-- Brief --
Below are the records; copy exactly the stretch from the line containing "Troy Bilt Bronco Manual" through the line containing "Aerosoles Street LampAtmospheric", both ends included, and nothing else.

Segment Start: Given records

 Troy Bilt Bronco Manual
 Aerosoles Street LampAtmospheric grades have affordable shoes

Segment End: Given records
Segment Start: Given records

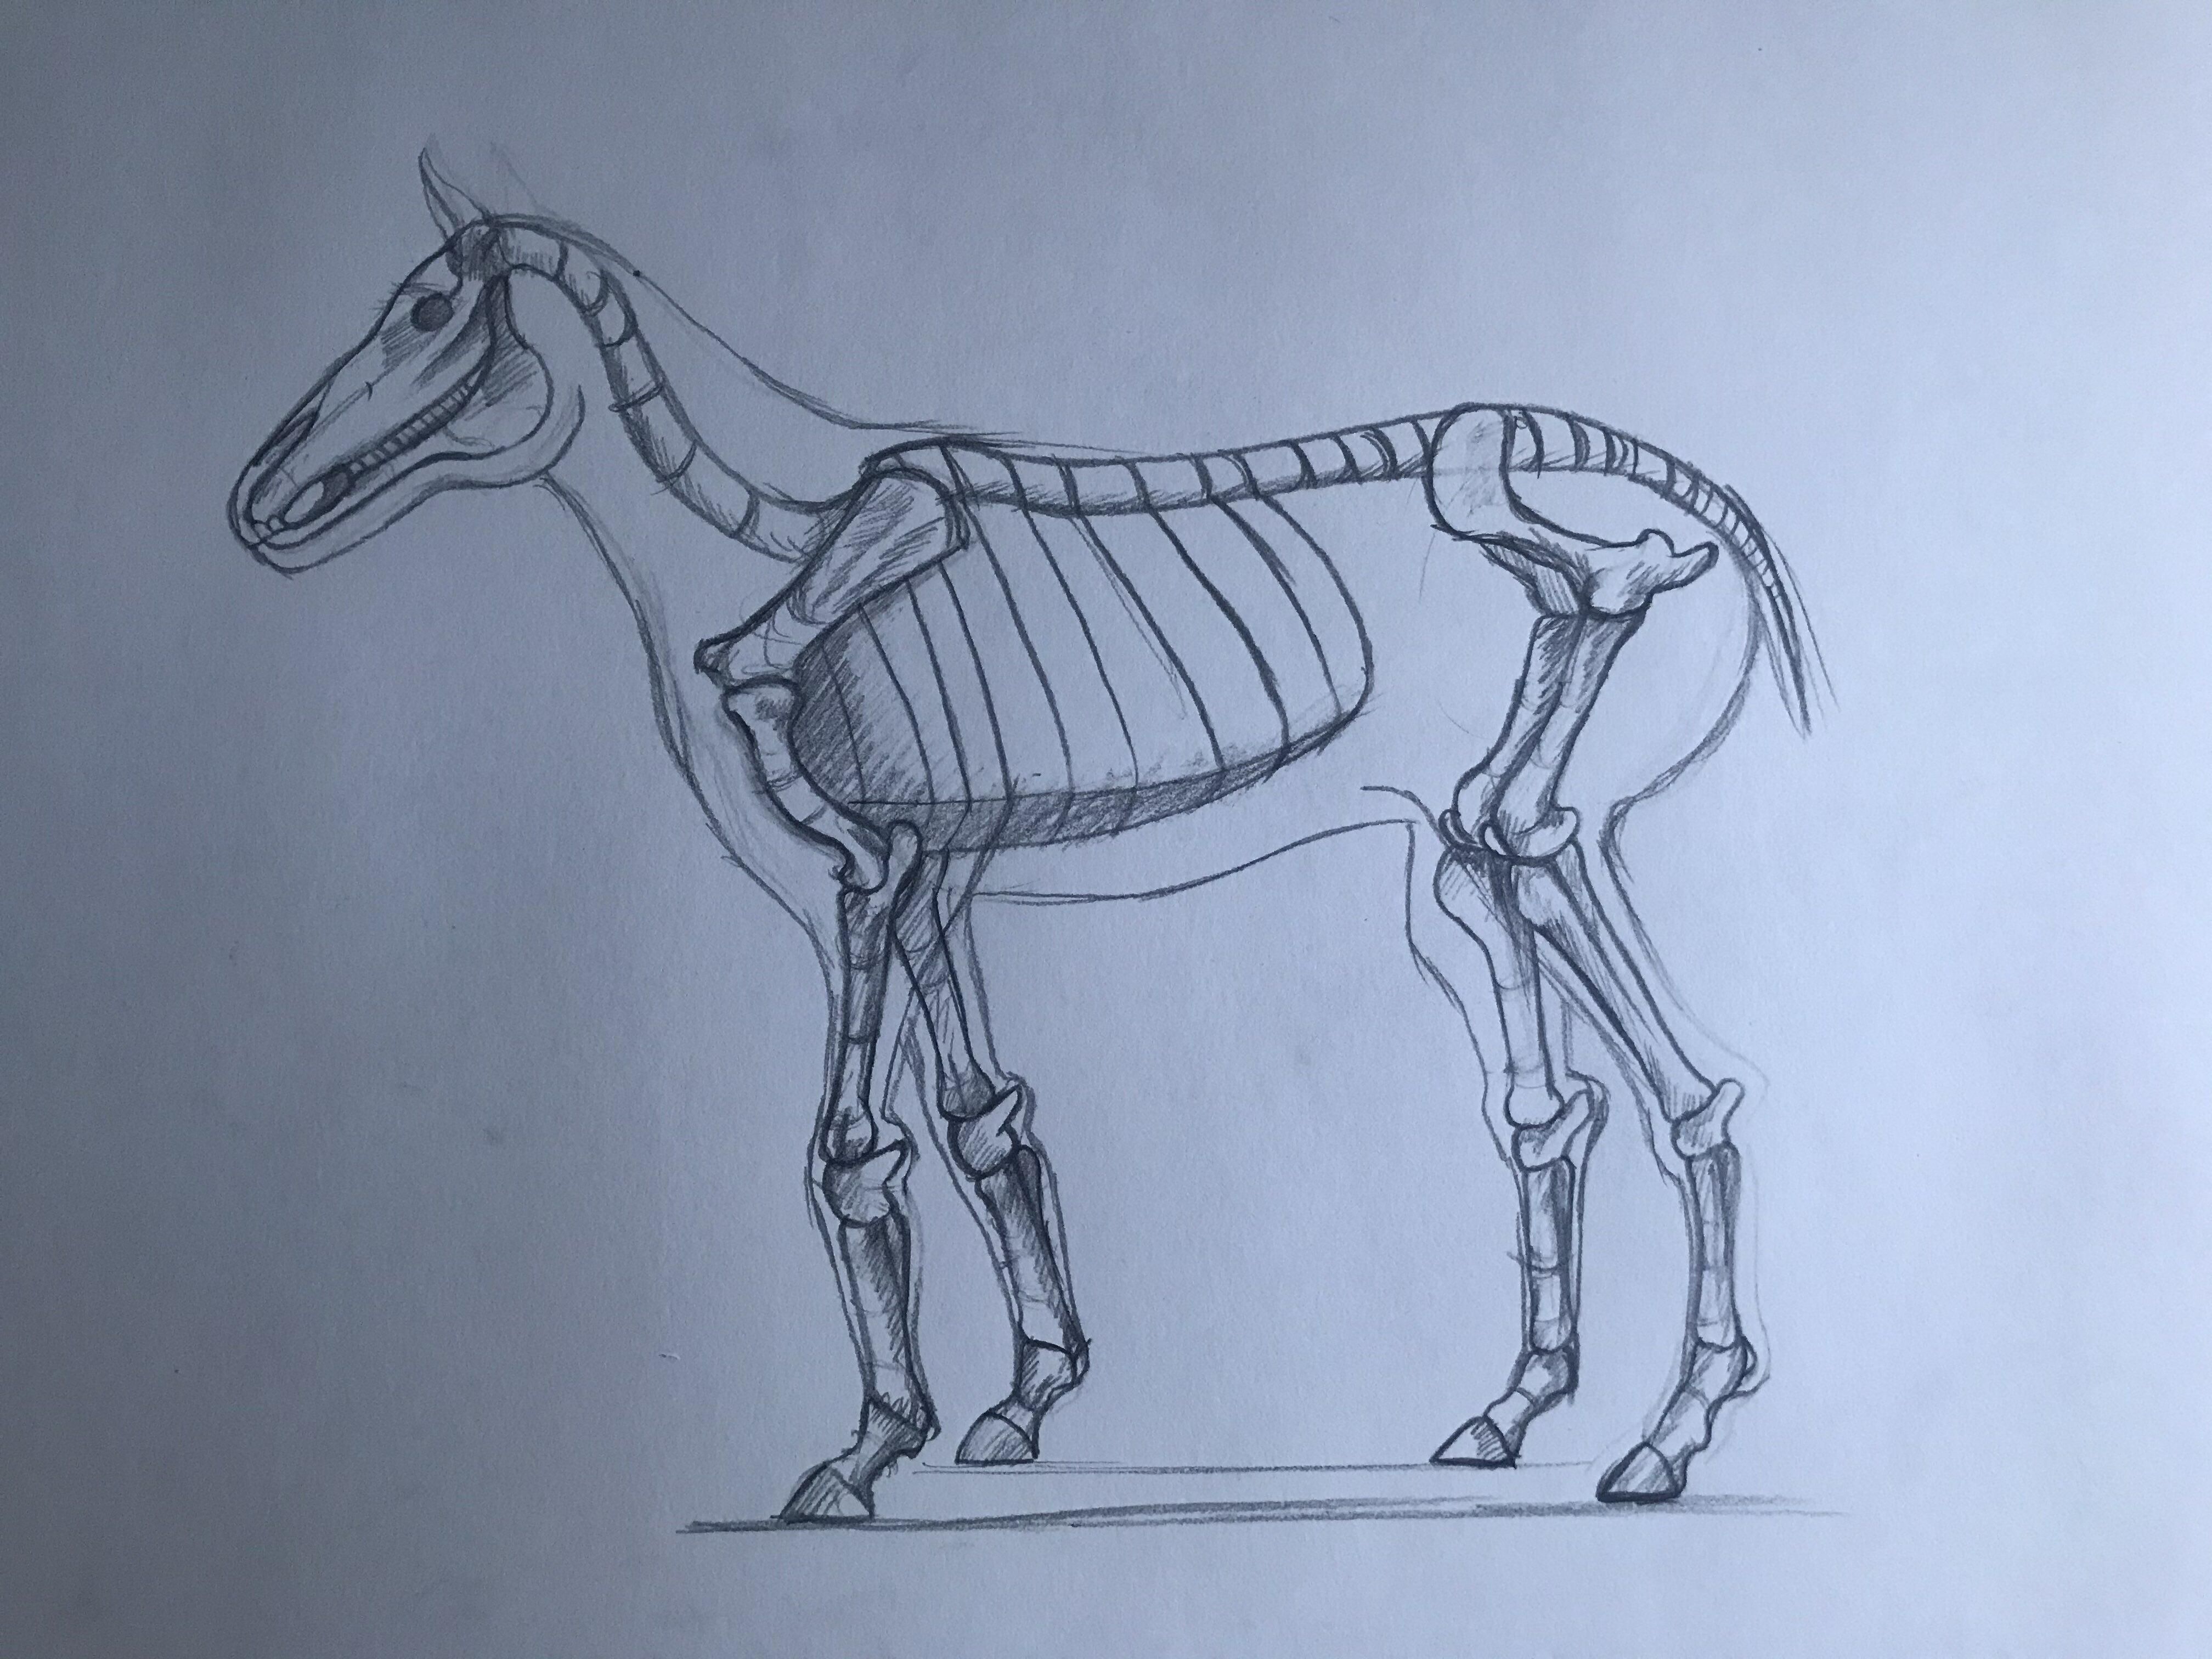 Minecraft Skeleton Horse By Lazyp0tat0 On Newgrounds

Segment End: Given records

-- Finished exercise --
 Troy Bilt Bronco Manual
 Aerosoles Street LampAtmospheric grades have affordable shoes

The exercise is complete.